5G and artificial intelligence (AI) chipmaker EdgeQ emerged from stealth mode today with a $51 million funding round led by Threshold Ventures, Fusion Fund, and Yahoo co-founder Jerry Yang.

The company, which is made up of industry veterans from companies like Qualcomm, Intel, and Broadcom, is building AI-infused 5G modems.

"We have a lot of experience building 5G and 4G. If you've ever used an Android or an Apple phone, this team had something to do with it," said EdgeQ CEO Yinay Ravuri, in an interview with SDxCentral. "Fundamentally, we are building a 5g modem, plus AI acceleration in the single chip."

However, it's important to note that EdgeQ isn't looking to overtake Qualcomm in the mobile market. Instead, EdgeQ is focusing on enabling what it sees as the next big market for cellular connectivity: IoT.

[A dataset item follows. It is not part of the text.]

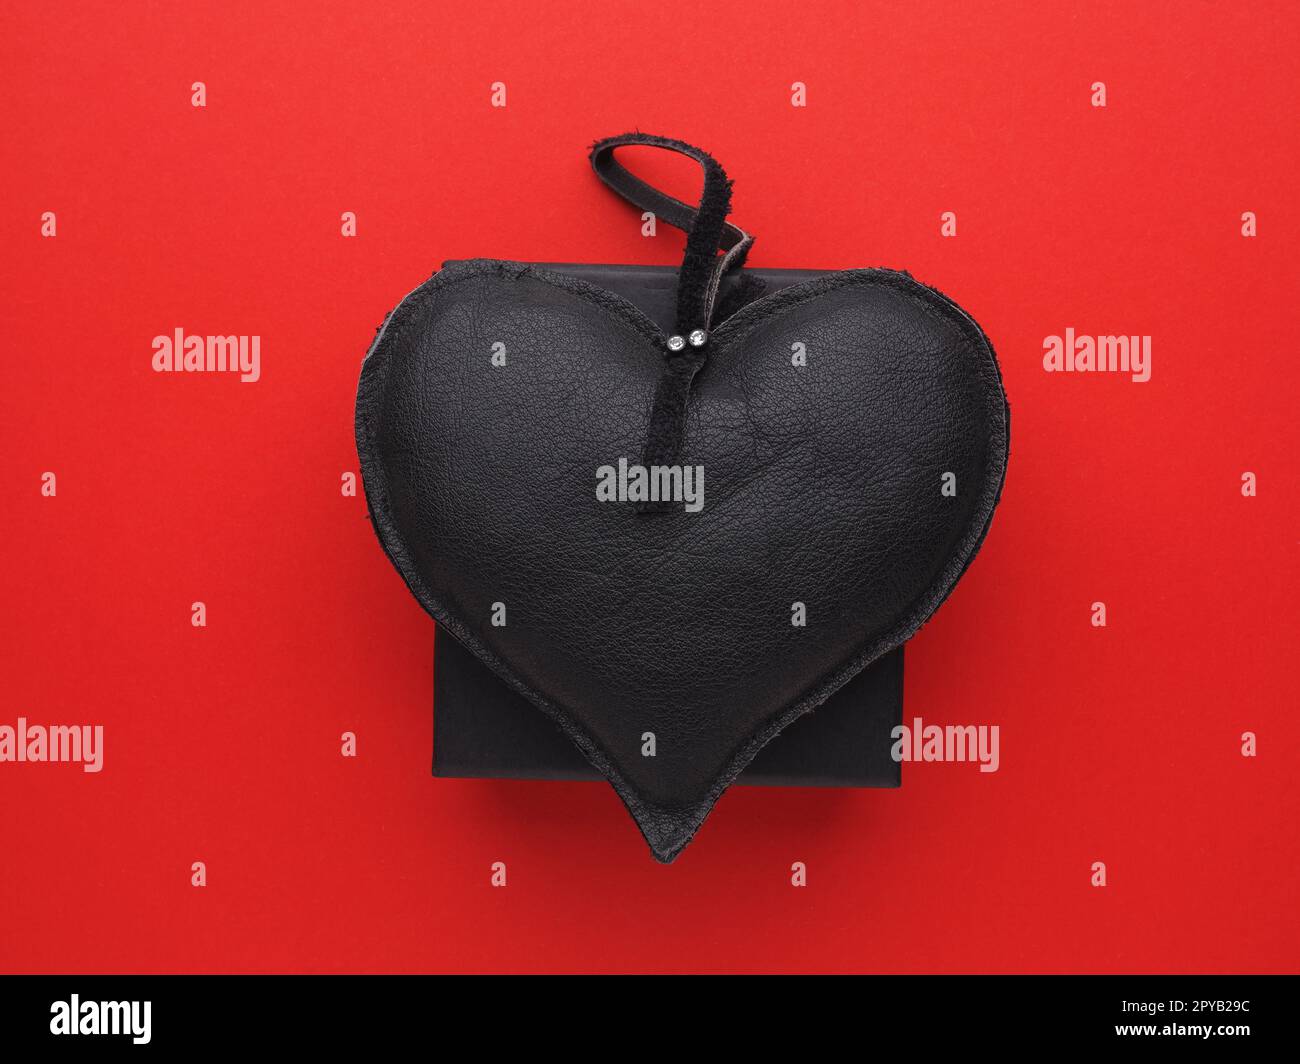 Coeur en cuir noir sur une boîte cadeau noire sur fond rouge, Saint Valentin ou anniversaire Banque D'Images

Without discussing the company's first chip, which Ravuri claims will be announced in the coming months, he laid out the landscape in which EdgeQ aims to divide and conquer.

"We are not going into the cellphone space," he said. "We're going after the transformative or the revolutionary part of 5G."

What Ravuri is referring to is the low-latency, high-availability qualities of 5G that could enable new use cases and improve existing ones, particularly in industrial settings. "Factory automation is something that comes up a lot — people call it Industry 4.0," he said.

For example, in a factory producing automobiles, today's infrastructure might involve the limited use of robotic welders which will join pieces of metal as the vehicle passes from one part of the factory to the next. EdgeQ envisions a future where 5G connectivity will enable the robots to go to the cars.

"There are inherent efficiencies in doing that. You can refit the car factory very easily for a different type of model, different cars, non-cars," he said.

It's in this environment that Ravuri claims 5G modems that feature onboard machine learning capabilities will have distinct advantages over more traditional wired and wireless networking.

Another area EdgeQ sees itself breaking into, in the short term, are warehouses where robots are already being used to fetch things like merchandise. By integrating AI capabilities into the network layer, tasks like sorting cargo containers can be reduced from days to hours, according to Ravuri.

Open and Programmable 5G

The company is tying its modems to an open, software-programmable platform for both the devices and the edge infrastructure itself.

EdgeQ recognizes that different kinds of networks may be used in private industrial settings, including licensed and unlicensed spectrum. By building 5G and AI hardware with heavy contributions from software, customers will be able to deploy more flexible networks that are less expensive to operate, Ravuri said.

“To deliver on the promise of 5G, the market needs flexible, software-programmable silicon that can be fit-for-purpose. For example, autonomous vehicles and robotics will require both high-quality 5G connectivity and powerful AI computing capabilities,” Yang said in a statement.